Но Валентин не мог не признаться себе в том, что пожертвовал бы очень многим ради того, чтобы вернуть все назад, повернуть время вспять и никогда не ввязываться в эту историю! Никогда!

Но что теперь поделаешь? Сам виноват: не подумал о том, к чему может привести близость с рогатой лешухой. По словам всех леших, эта близость не могла привести ни к чему страшному. Не было на памяти старейшин такого случая, чтобы от лешего и человека рождались дети. Но Валька имел несчастье испытать на себе прелесть оказаться исключением из правила. Он дал жизнь странному ребенку, чье существование стало чуть ли не вызовом законам мироздания. Не зря же Валентина часто и регулярно преследовал мучительный ночной кошмар: Мироша на его глазах распадается на отдельные части, органы, ткани, молекулы, атомы… то есть возвращается в то состояние, откуда неожиданно для всех возник… Валя привык к этому сну, и теперь пытался привыкнуть к мысли о том, что жизнь его Мироши обречена быть нелегкой, полной разочарований и трагедий. Кем все-таки захочет называть себя его сын? Что станет его домом? Будет ли он в безопасности среди людей? Не уничтожат ли его вместе с племенем Логова, если он вырастет и решит, что он леший? И будет ли он способен нормально жить? Велика вероятность, что дитя человека и лешухи окажется бесплодным или вовсе погибнет от гормонального дисбаланса едва вступив в период созревания… Короче говоря, Валентину было от чего выть и каяться. И самое печальное во всем этом было то, что свалить вину за свои вполне обоснованные страхи было совершенно не на кого!
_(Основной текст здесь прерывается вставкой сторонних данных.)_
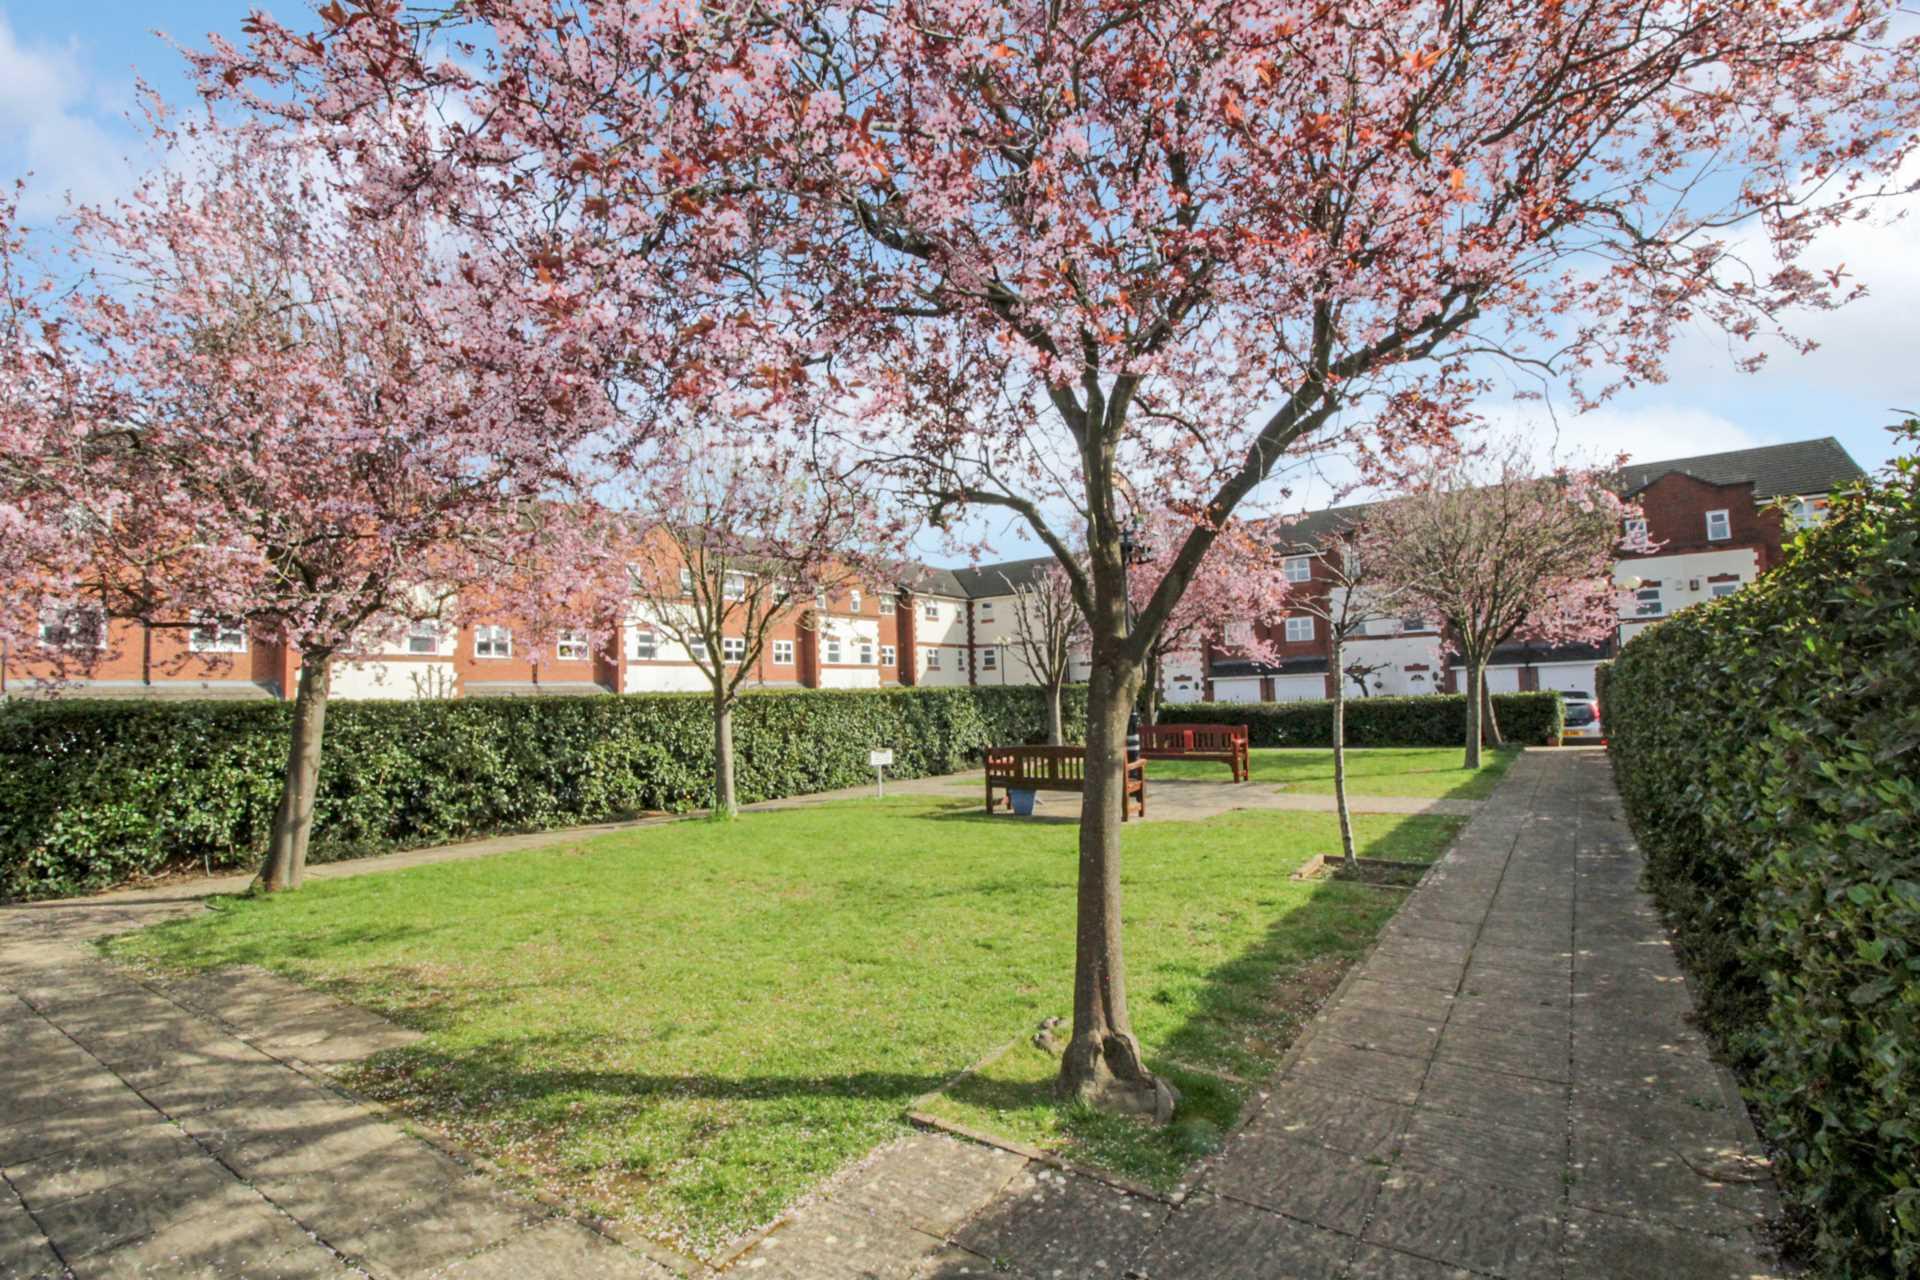 Coopers Gate, Banbury, Image 3

А в довершение всего Валентина мучил стыд за свое раскаяние. Ему казалось, что горько жалея о своем прошлом, он предает своих лесных друзей. Шеп успокаивал его, утверждал, что никаким предательством тут и не пахнет, что метания несчастного Валентина вполне закономерны. Но даже добрые слова леших, их глаза, их объятия и помощь не могли избавить человека от гадливой брезгливости и ненависти к самому себе.

Валентин склонялся к мысли, что если бы не Мироша, он сам уже давно или спятил бы от бредовых размышлений, или тем или иным способом наложил бы на себя руки. Но он любил сына и поэтому продолжал сражаться с самим собой…

Почти на самом конце деревенской улицы навстречу Валентину выскочил большой джип, сверкая двумя парами передних фар. Валя метнулся к забору, прижался, ощутил, как что-то проникает сквозь кожу руки… Но никакой боли. Поднеся руку к глазам, он увидел сухую дырочку прямо в центре ладони. Наклонившись к забору, Валя разглядел торчащий ржавый гвоздь.

Нет, Шеп все-таки умница, столько всего знает и умеет. Если бы не его варево, наколотой руке не поздоровилось бы.

Валентин снова двинулся к своей цели.

Он давно не был в усадьбе Пряжкина, с тех самых пор, когда понял, что Григорий, показавшийся ему поначалу просто деловым и оборотистым куркулем, на самом деле жестокий и циничный подонок, очень четко разграничивший для себя людей и нелюдей. Пряжкин раскланивался с каждой деревенской бабулей и частенько, прохаживаясь пешком по деревне, раздавал детишкам конфеты, которыми у него всегда были набиты карманы, но вот лешие получали от него совсем иные гостинцы.





Отгрохав на невесть какие деньги целую крепость за высоким забором, Пряжкин вовсю занимался своими делами. Поговаривали, что там, за забором, кроме большого многокомнатного дома с собственной аварийной подстанцией и котельной, под усадьбой сооружены огромные подвалы. И хотя кроме собачьего лая да отрывистых коротких криков, больше похожих на военные команды, никаких других звуков из-за забора Пряжкина не доносилось, Валя знал, что в подвалах усадьбы есть большой тир, а значит, есть и оружие. В доме Пряжкина постоянно ошивались молодые ребята, лет от шестнадцати до двадцати. Они были в основном местные, из близлежащих деревень.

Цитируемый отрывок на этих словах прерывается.